The Fixer kept their money, and with sole possession of the code word that enables Chameleon, he gained complete control over the assassin. Recognizing that Britain was not an easy Country for an undocumented killer to operate in, The Fixer provided each personality with a new name and identity documents. Now, like a malevolent version of Superman and Clark Kent, while the good half of the personality lived an ordinary and respectable life in England, Chameleon worked exclusively as an assassin for the Wrecking Crew.

At that moment, Chameleon was stalking a Member of Parliament (MP) by the name of Valerie Jenkins. She was on her way to her London apartment and had stopped at her local twenty-four-hour supermarket to buy some food for the weekend. Part of a larger retail chain, it was a smaller version of a supermarket, designed to suit the needs of the modern commuter. Like many retailers, the store had a loyalty card scheme that was popular with its customers, who benefitted from special offers and discount vouchers. The information collected from each purchase is stored in a central computer database and ‘mined’ with a computer algorithm to ascertain a customer’s shopping habits, and to identify any future sales opportunities. This particular retail chain outsourced its data mining to a specialist company call Dime, the very same company that was majority owned by a particular charity, linked with the Wrecking Crew.

Along with this assignment, Chameleon had received a substantial file detailing Valerie’s movements over the previous six months. This information was provided by Dime and collected directly from their database. Presented in an easy to read format, it cross-referenced data from her travel cards, credit, store and cash cards, her cell phone, laptop computer, and her loyalty cards. Armed with this information, Chameleon could accurately predict what time this target would enter the supermarket, and what she would buy.

Tonight, Valerie Jenkins would unwittingly pay for, and ingest, the poison that would end her life. Chameleon knew that there was an 83 % probability that Valerie Jenkins would buy her favourite treat, a twenty-two piece sushi box. Containing raw salmon, tuna, mackerel and squid, the sushi provided the perfect delivery method to hide the deadly poison.

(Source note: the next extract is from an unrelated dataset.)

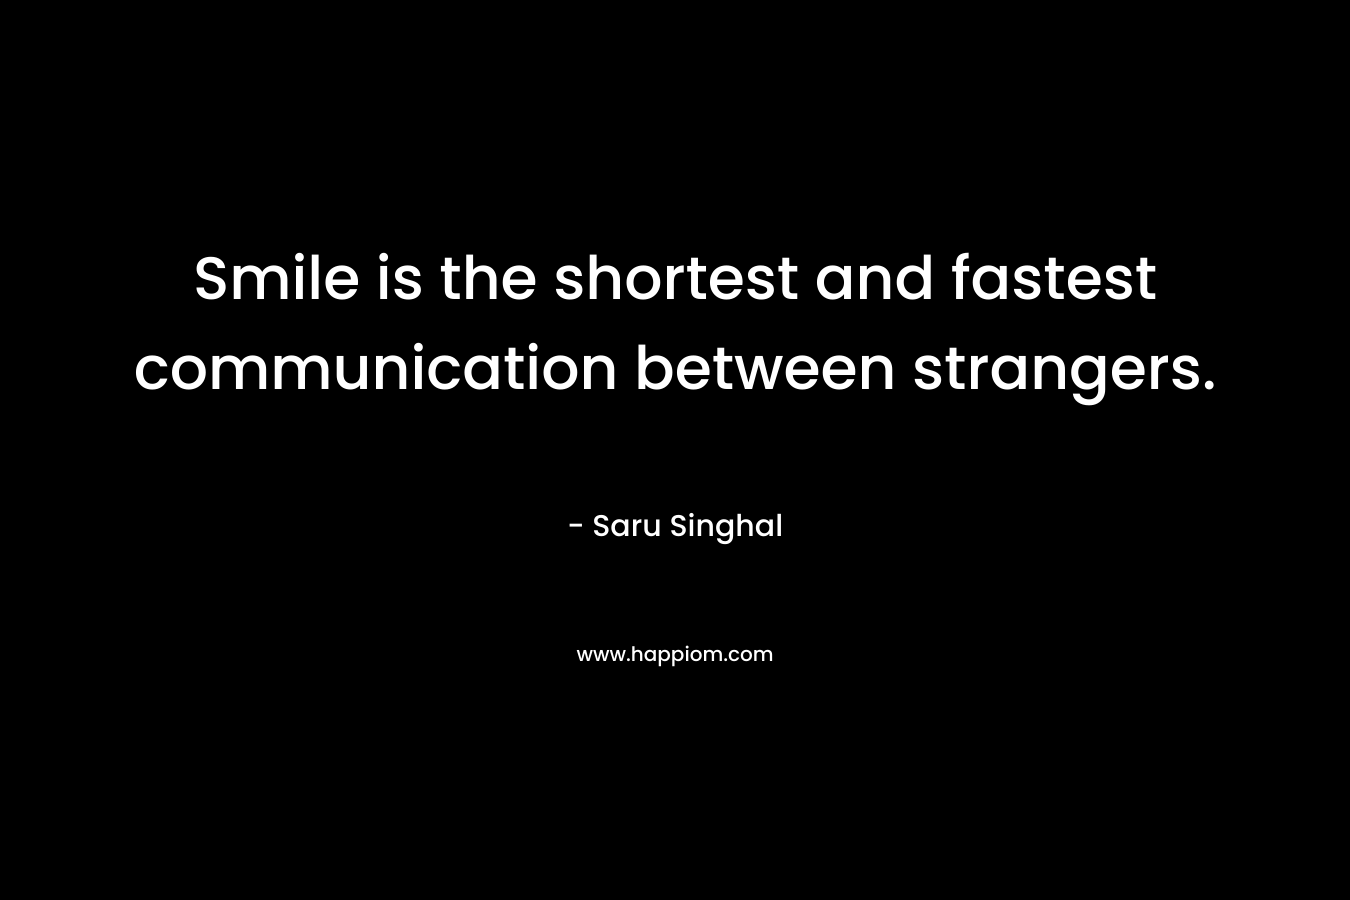 Smile is the shortest and fastest communication between strangers.

The previous day Chameleon had purchased three live puffer fish from a local tropical fish store, and a twenty-two piece sushi box from the same twenty-four-hour supermarket where Valerie Jenkins liked to shop. Puffer fish are notoriously difficult to sex, so buying three fish at a cost of £380, discounted for cash, statistically guaranteed that at least one would be female; in fact, there were two. The ovaries of the female Tetraodontidae contain high levels of tetrodotoxin, considered to be around two-hundred times more deadly than cyanide.

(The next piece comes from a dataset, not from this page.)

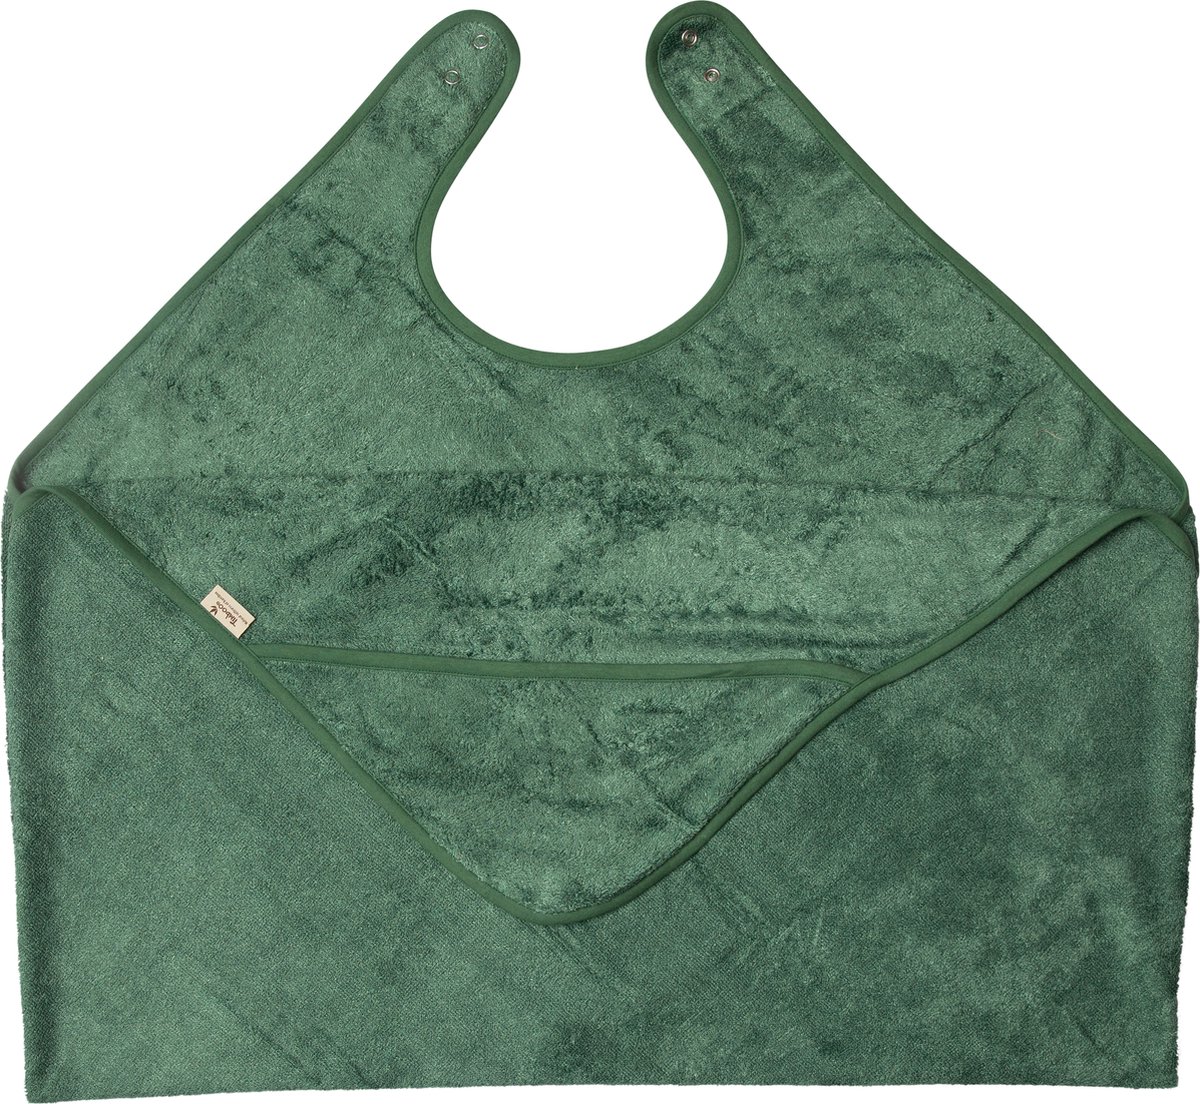 Timboo Cuddle towel adult/baby - Aspen green

In Japan, the meat of the puffer fish is considered an expensive delicacy. The dish is called Fugu, and because some parts of the fish are so extremely poisonous, it can only be prepared by a few highly skilled sushi chefs in exclusive restaurants. However, recent advances in research and aquaculture have allowed some farmers to mass-produce safe Fugu and this is now becoming more widely available throughout Europe and London. This ‘safe’ Fugu is frowned upon by sushi traditionalists, so the deadly fish is still used by some chefs to produce Fugu for discerning clients with deep pockets. Given that fact, Chameleon believed that an accidental contamination of some sushi with tetrodotoxin would be a conceivable explanation for the sudden death of Valerie Jenkins.